A map of the New World showing the interlocking routes of the U.S.-based Pan American Airways, Pan American-Grace Airways (Panagra), the Grace (shipping) Line, United Fruit’s Great White Fleet, and Moore-McCormick Shipping’s American Republics Line. Although they were all legally independent companies, they worked closely together to control the economies of the nations of Latin America
 
If anybody had told Juan Trippe there was a Great Depression it’s likely he would have laughed. By 1931, the Pan American Airways System was the largest airline in the world --- and it hadn’t even left the western hemisphere yet. Besides PAA proper, Trippe outright owned or controlled the national airlines of Mexico, Peru, Venezuela, and Chile, and held effective control of the largest airlines in Colombia and Brazil. He was rapidly moving in on airline operations in the Central American republics as well, oft-times in direct contravention of the wishes of the national legislatures of those lands, and in despite of United States foreign policy. 

1931, the deepest, darkest year of the Great Depression, saw Pan Am post its first profits, and though they were a measly $108,000.00 on 7.5 million dollars in revenues, Pan Am was in the black. Much of Pan Am’s revenue was spent designing and buying ever-newer planes, building airport infrastructures, and buying influence. Arthur H. Geissler, the U.S. Minister to Guatemala, once complained to George Rihl, Trippe’s Head of Mexican Operations: “You seem to think that everyone in Latin America is on the take,” to which Rihl answered, chuckling, “Not all of them. Oh, no, not all of them. Not yet.” 
 

Central America in 1862. U.S. interest in the region began almost as soon as the United States achieved independence.
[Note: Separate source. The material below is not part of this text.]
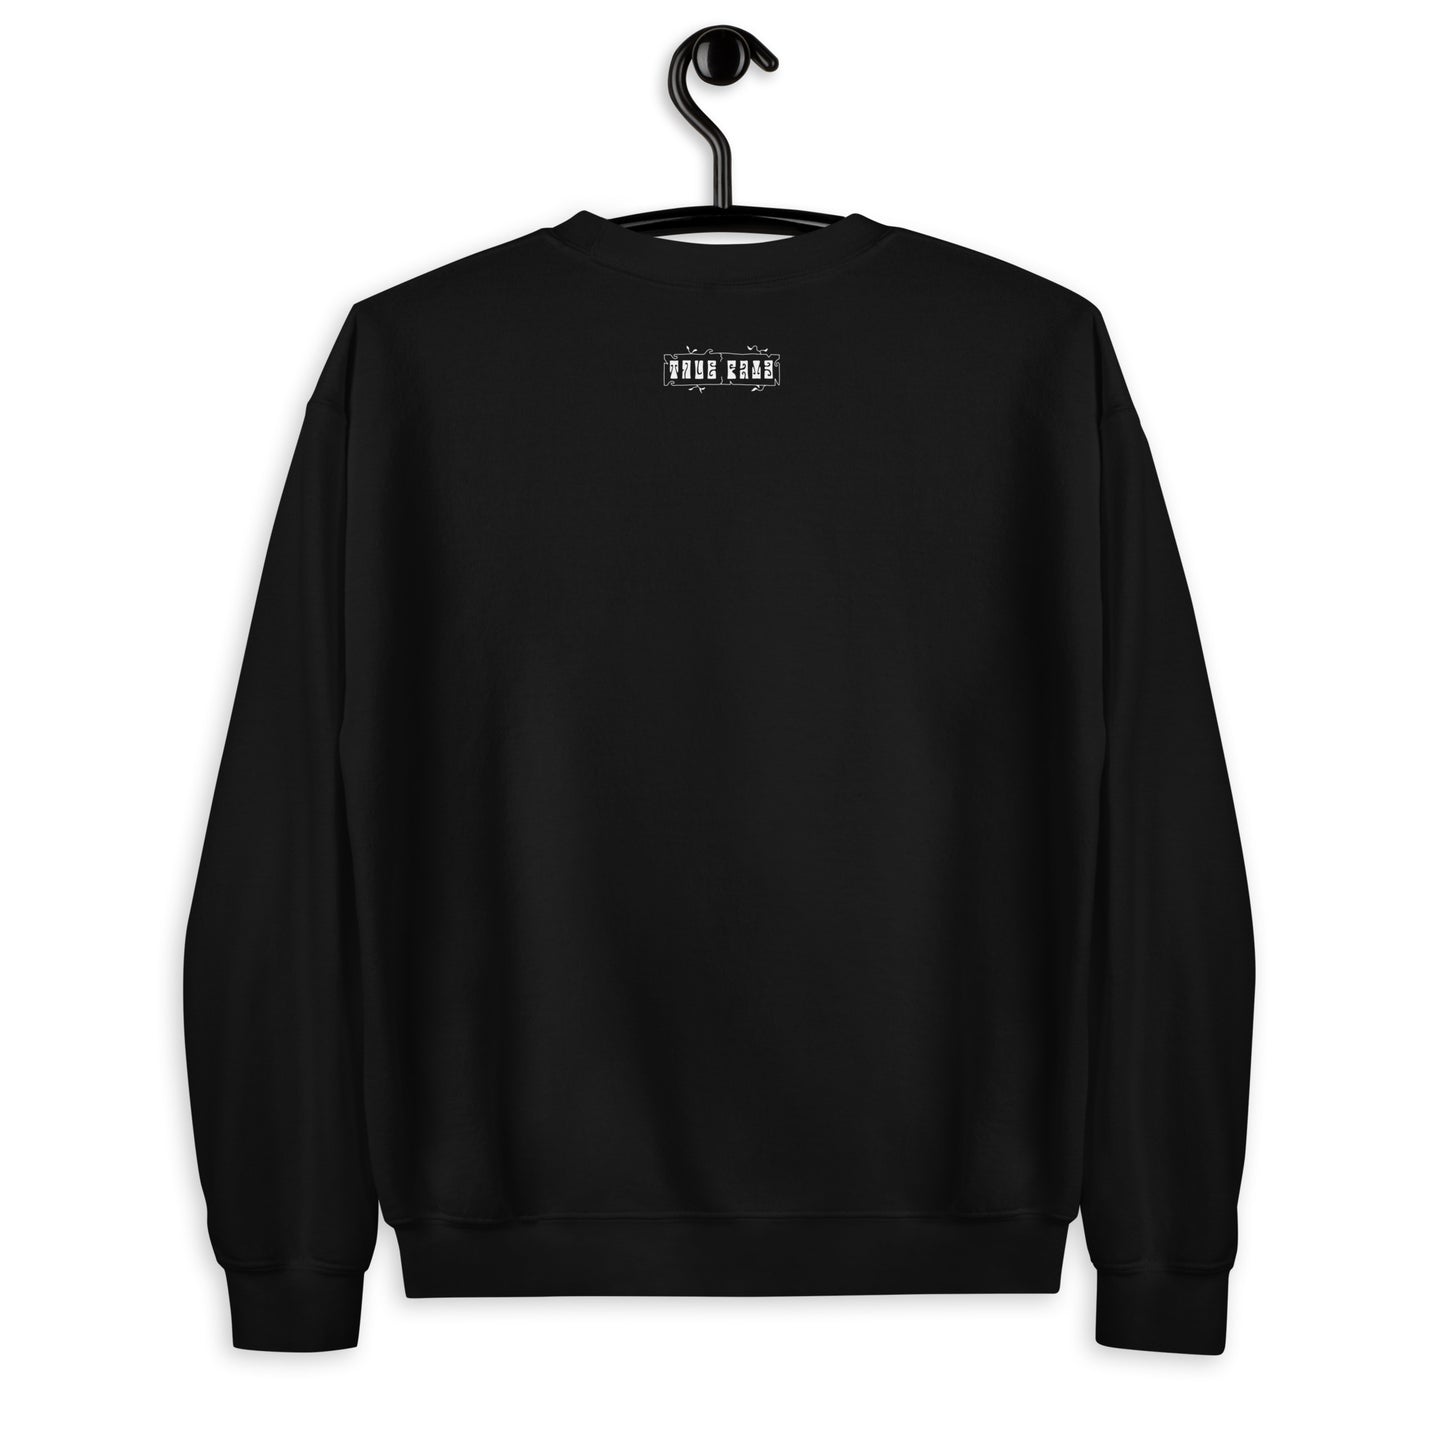 dizzy ouse sweater

Southerners wanted to expand slavery there and Northerners to expand their markets by exploiting the lush tropical climate. In 1854,  American-led filibusters were barely defeated when they tried to seize control of the isthmus

Trippe himself rarely left New York. He had an amazing cadre of amoral lackeys to do all the work, usually former State Department specialists in Latin America, former Consuls and ex-Charge d’Affaires, who’d left State to work for the better-paying airline and who knew more about their assigned areas than the local U.S. Ambassadors they tended to ignore. He also coopted local businessmen and lower-level Ministers and secretaries to give him an inside line of the policies of individual governments. Soon, Pan Am became known as The Other State Department. Although there was some friction between State and Pan Am, it was often muted, especially because State tended to use Pan Am’s people as an Intelligence-gathering network in Latin America.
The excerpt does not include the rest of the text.